Friday, March 8, 2013

World Class Techs and Some Other Random Thoughts

http://www.searchautoparts.com/motorage/news-service-repair/aaia-and-ase-recogni- ze-world-class-technicians?cid=95883

This article came out this week announcing the names of these techs who have been recognized for passing twenty-two ASE certification exams. It touched off a bit of a debate in the iATN about just how relevant the ASE and even the iATN are inside our trade and it parallels what you can see inside this very thread. Gimmestdtranny probably felt like I was roughing him up a bit for trying to solve that diagnostic on that Silverado, and it probably did come off that way when that really wasn't the intent. Roadburner has made a couple posts that I took as degrading to techs and when I questioned what his background was I felt that he thought that he was beyond such scrutiny. There is a double standard at play here, and it mirrors what it is like to be a professional technician. Gimmestdtranny clearly noticed it as he pointed out that he felt he had to defend me and I thank him for that, but it really shouldn't be that way.
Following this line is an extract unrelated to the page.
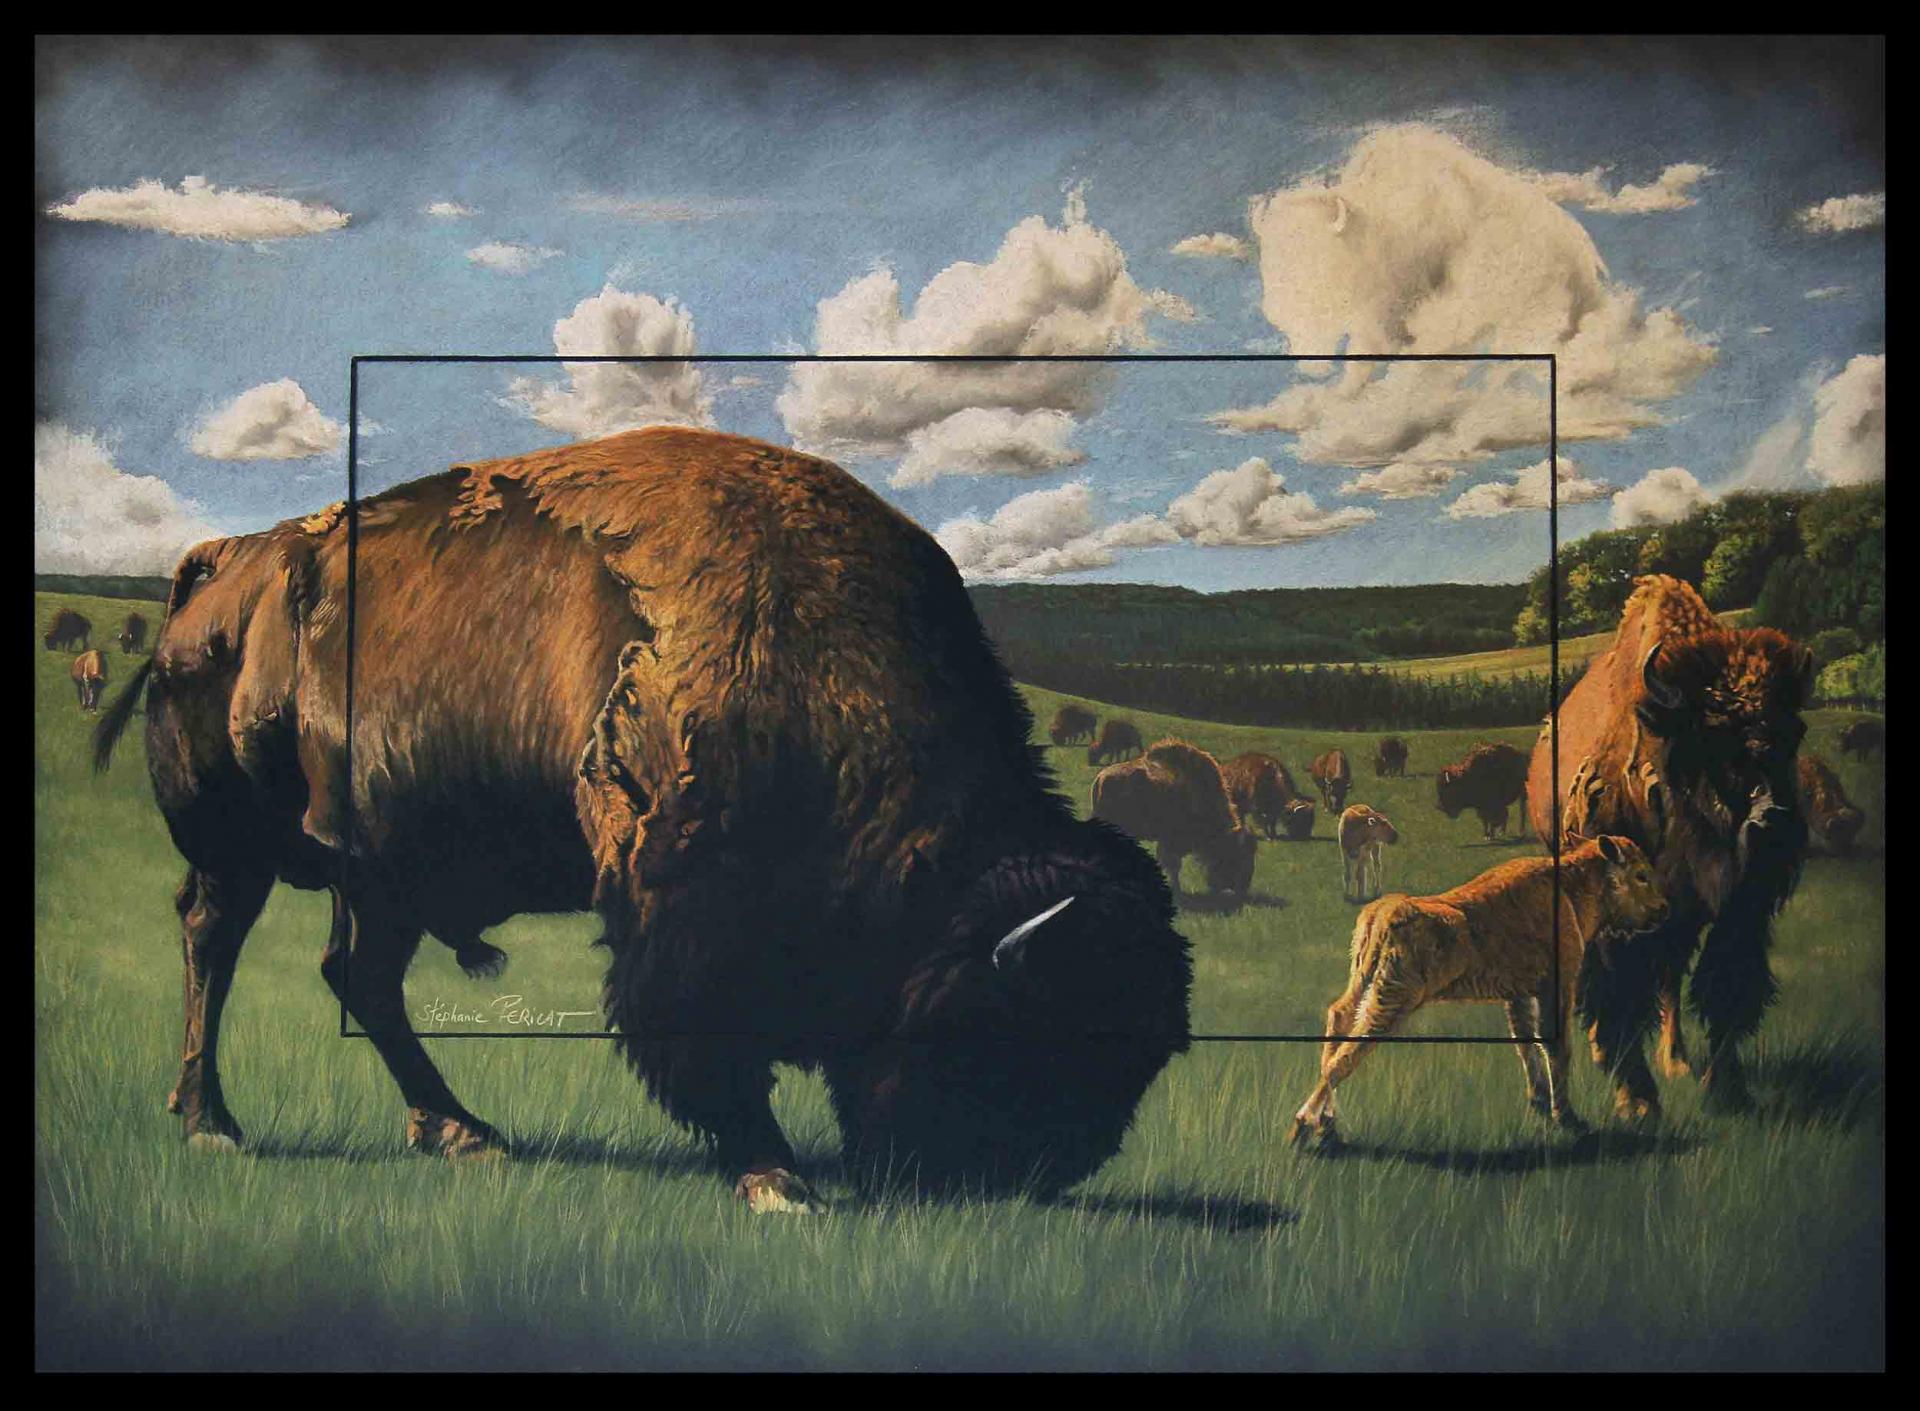 Tatanka (la légende du bison blanc) - 50x70 cm - Disponible

I find people question my capabilities as a technician on a daily basis, I'm just supposed to accept and deal with it. It's always been that way and that of course isn't something that I personally deal with as good as I should. The funny thing is, the lack of being good at that kind of situation is the very thing that drives me to study all of the time, with the expectation that I should eventually rise above having to deal with that. You can call that one of those situations where my greatest weakness is also my greatest strength.
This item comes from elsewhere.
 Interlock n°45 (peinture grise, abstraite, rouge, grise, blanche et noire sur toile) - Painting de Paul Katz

So where do I stand, next to those 1863 individuals through the years who have sat down to prove their knowledge. I have ten, all of the automotive A-1 through A-8 to be recognized as an ASE Master Tech. I have had those and stayed current with them since 1982. Plus I have the A9 Automotive Diesel, and the L1 advanced diagnostics. What they have that I don't is the Heavy Duty truck series of tests, and its not a matter of if I can pass them or not, I have no interest in trying to prove that I might be able to pass a test on work that I don't do. Does that make me less of a technician in regards to the work that I do? It shouldn't. But yet when we had the debates about the correct way to address even the dreaded evaporative system leak, suddenly it was like all of the experience and study and training that I have had no value when pitted against an opinion. I actually expect to see debates like that try and play the price angle and of course that happened here as if that really has anything to do with whether a leak is a frozen vent valve, or a loose gas cap. But seriously, it's like that everyday anyway and even when we are right, someone else is sure we are wrong and they don't even have to prove that they can change a flat tire prior to them proclaiming their competence.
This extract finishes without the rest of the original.